Firewall Rules (iptables)

# Allow NFS traffic from the target subnet
iptables -A INPUT -s 192.168.1.0/24 -p tcp --dport 2049 -j ACCEPT
iptables -A INPUT -s 192.168.1.0/24 -p udp --dport 2049 -j ACCEPT
iptables -A INPUT -s 192.168.1.0/24 -p tcp --dport 111  -j ACCEPT
iptables -A INPUT -s 192.168.1.0/24 -p udp --dport 111  -j ACCEPT
# For NFSv4 you only need port 2049; NFSv3 also needs portmapper (111)

NFSv3 vs NFSv4

Feature NFSv3 NFSv4
Port Dynamic (portmapper) TCP 2049 only (firewall-friendly)
Stateful No Yes
POSIX ACL support Limited Yes
Locking External (lockd) Built-in
Kernel rootfs boot Well-supported Supported (kernel 3.x+)
Recommended for NFS root Yes (simpler) Yes (modern systems)

initramfs Basics

{:.gc-basic}

Basic

initramfs (Initial RAM Filesystem) is an in-memory filesystem that the Linux kernel unpacks before mounting the real rootfs. It provides an early userspace environment for:

  • Mounting the real rootfs (loading drivers, decrypting LUKS, assembling RAID)
  • Hardware initialisation that cannot be done from kernel space
  • Providing a rescue environment

initramfs vs initrd — Historical Note

initrd initramfs
Format Block device image (ext2) cpio archive
Kernel version 2.4 2.6+
Mount method Loopback block device Extracted directly into tmpfs
PID 1 /linuxrc /init
Cleanup pivot_root switch_root
Still used today No (obsolete) Yes (standard)

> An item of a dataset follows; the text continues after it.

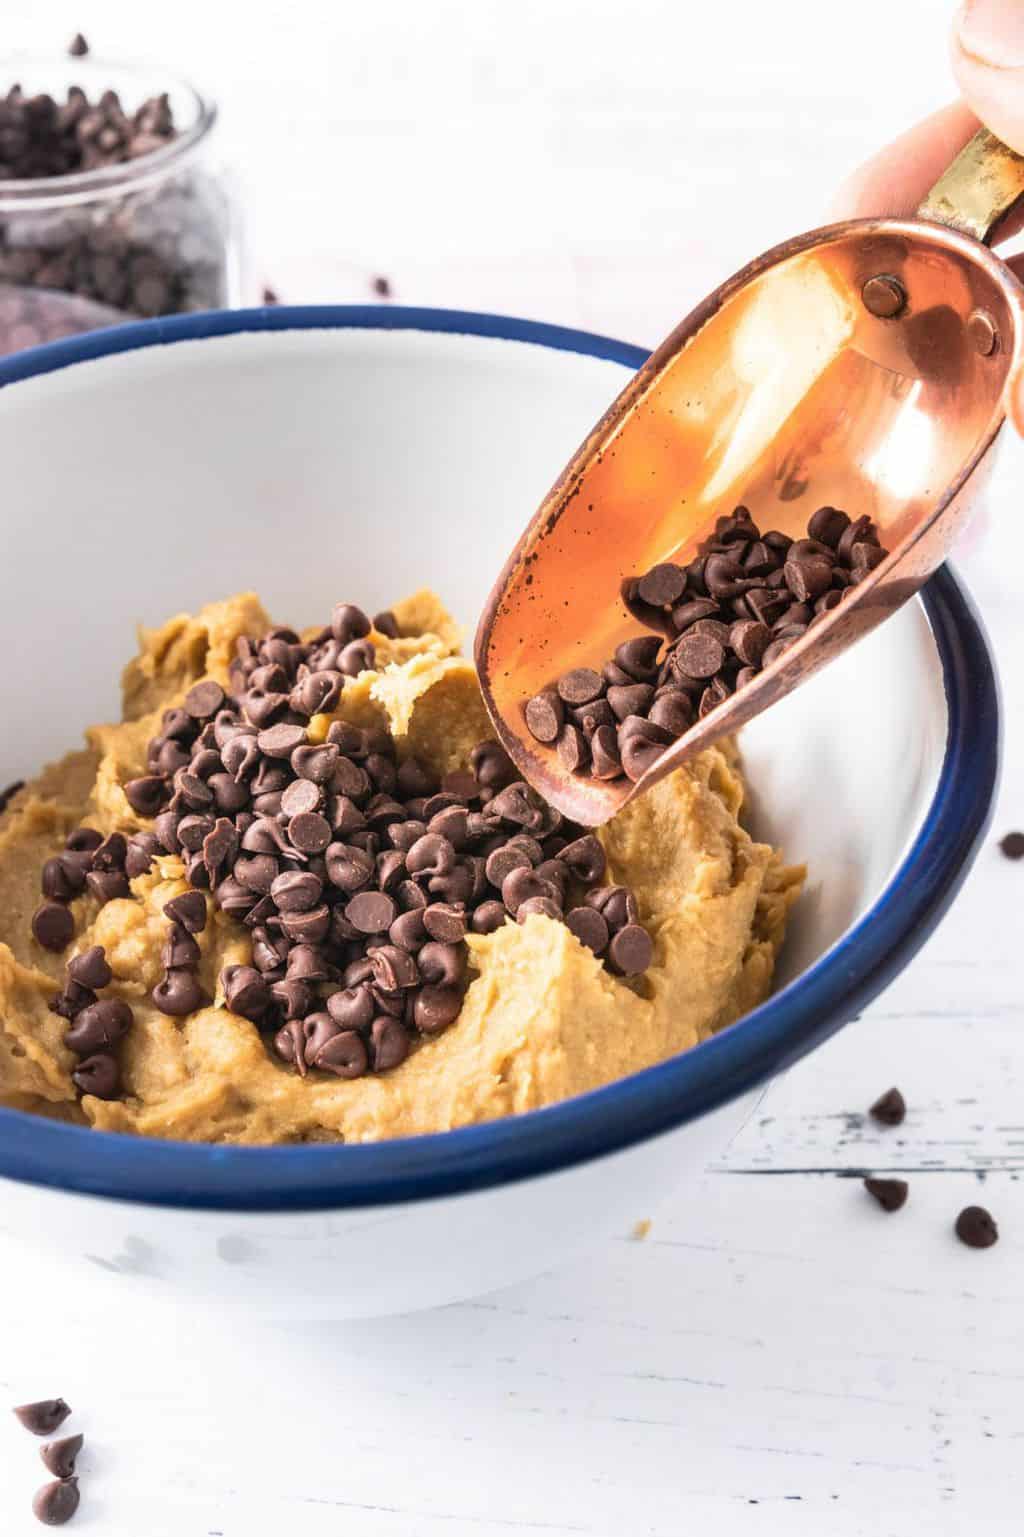 Chickpea Cookie Dough with Chocolate chips by Sugar and Cloth

The term “initrd” is still commonly misused to mean initramfs — they are different things. When U-Boot passes -initrd or bootm with an initrd address, it is usually a gzip-compressed cpio archive (i.e., an initramfs).

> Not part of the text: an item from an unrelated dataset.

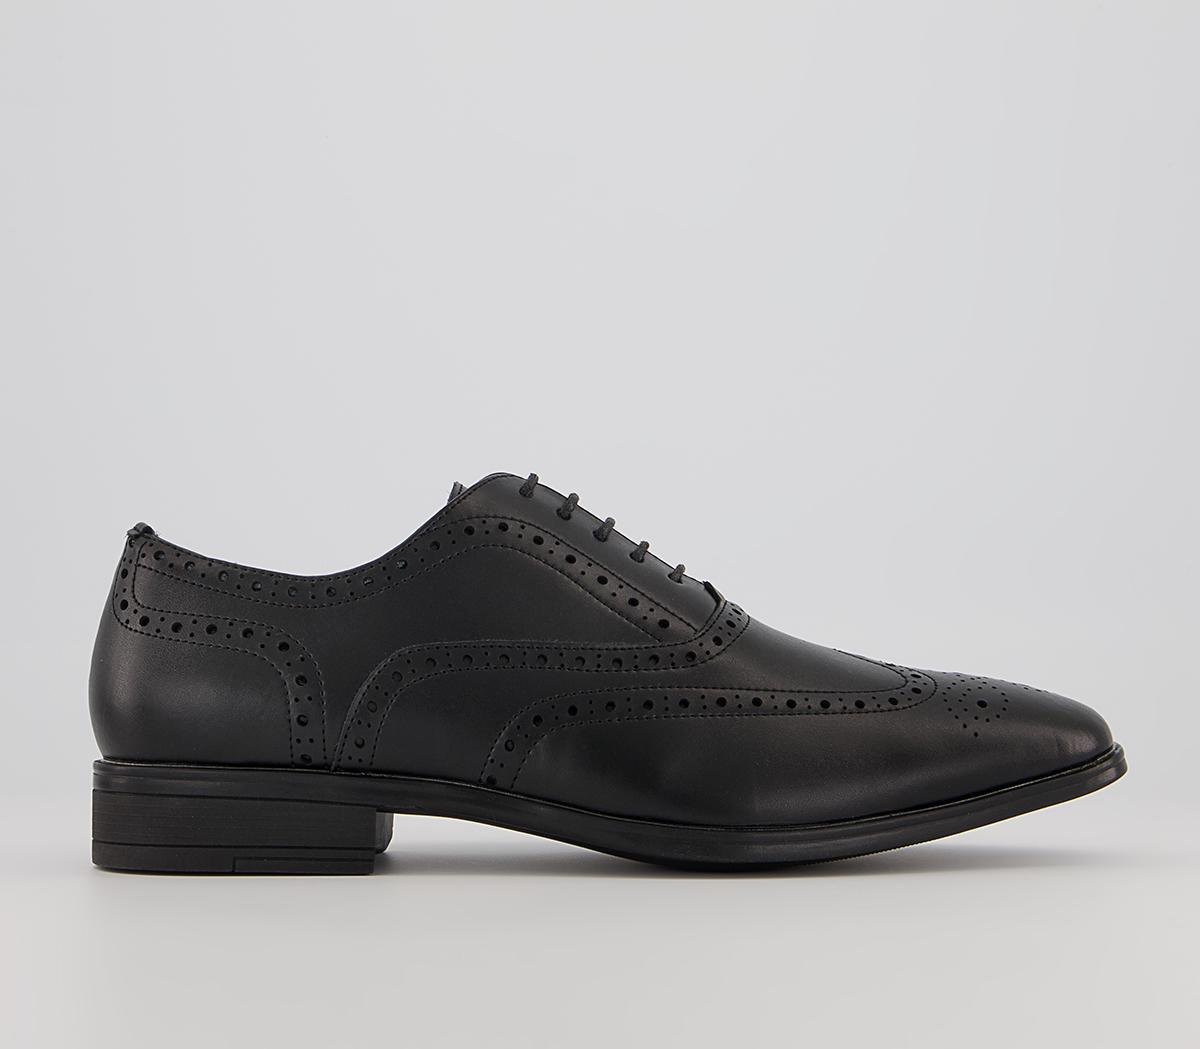 OfficeMacro 2 Oxford Brogues Black Leather

initramfs is Embedded in (or Alongside) the Kernel

Two deployment modes:

  1. Separate file (initramfs.cpio.gz) — passed by bootloader alongside the kernel image. The kernel decompresses and unpacks it into an internal tmpfs.
  2. Built into the kernel (CONFIG_INITRAMFS_SOURCE) — the cpio archive is compiled into the kernel image itself. Results in a single zImage/bzImage that contains everything.

The /init Script — PID 1

The kernel executes /init (or the path given in rdinit= cmdline parameter) inside the initramfs. This is PID 1 until switch_root is called.

#!/bin/sh
# /init — minimal initramfs init script

# Mount essential virtual filesystems
mount -t proc proc /proc
mount -t sysfs sysfs /sys
mount -t devtmpfs devtmpfs /dev

# Load any necessary kernel modules
# modprobe ext4
# modprobe mmc_block

# Wait for block device to appear
for i in $(seq 1 20); do
    [ -b /dev/mmcblk0p2 ] && break
    sleep 0.1
done

# Mount the real rootfs
mkdir -p /newroot
mount -t ext4 /dev/mmcblk0p2 /newroot

# Hand off to the real init
exec switch_root /newroot /sbin/init

Building initramfs with cpio

{:.gc-mid}

Intermediate

Minimal initramfs Directory Structure

INITRAMFS=$HOME/initramfs
mkdir -p $INITRAMFS/{bin,sbin,dev,proc,sys,newroot,lib,lib64}

# Device nodes (or rely on devtmpfs)
sudo mknod -m 600 $INITRAMFS/dev/console c 5 1
sudo mknod -m 666 $INITRAMFS/dev/null    c 1 3

# Copy statically-linked busybox
cp busybox-1.36.1/busybox $INITRAMFS/bin/busybox
(cd $INITRAMFS/bin && ln -s busybox sh && ln -s busybox mount && \
 ln -s busybox modprobe && ln -s busybox sleep && ln -s busybox switch_root)
(cd $INITRAMFS/sbin && ln -s ../bin/busybox switch_root)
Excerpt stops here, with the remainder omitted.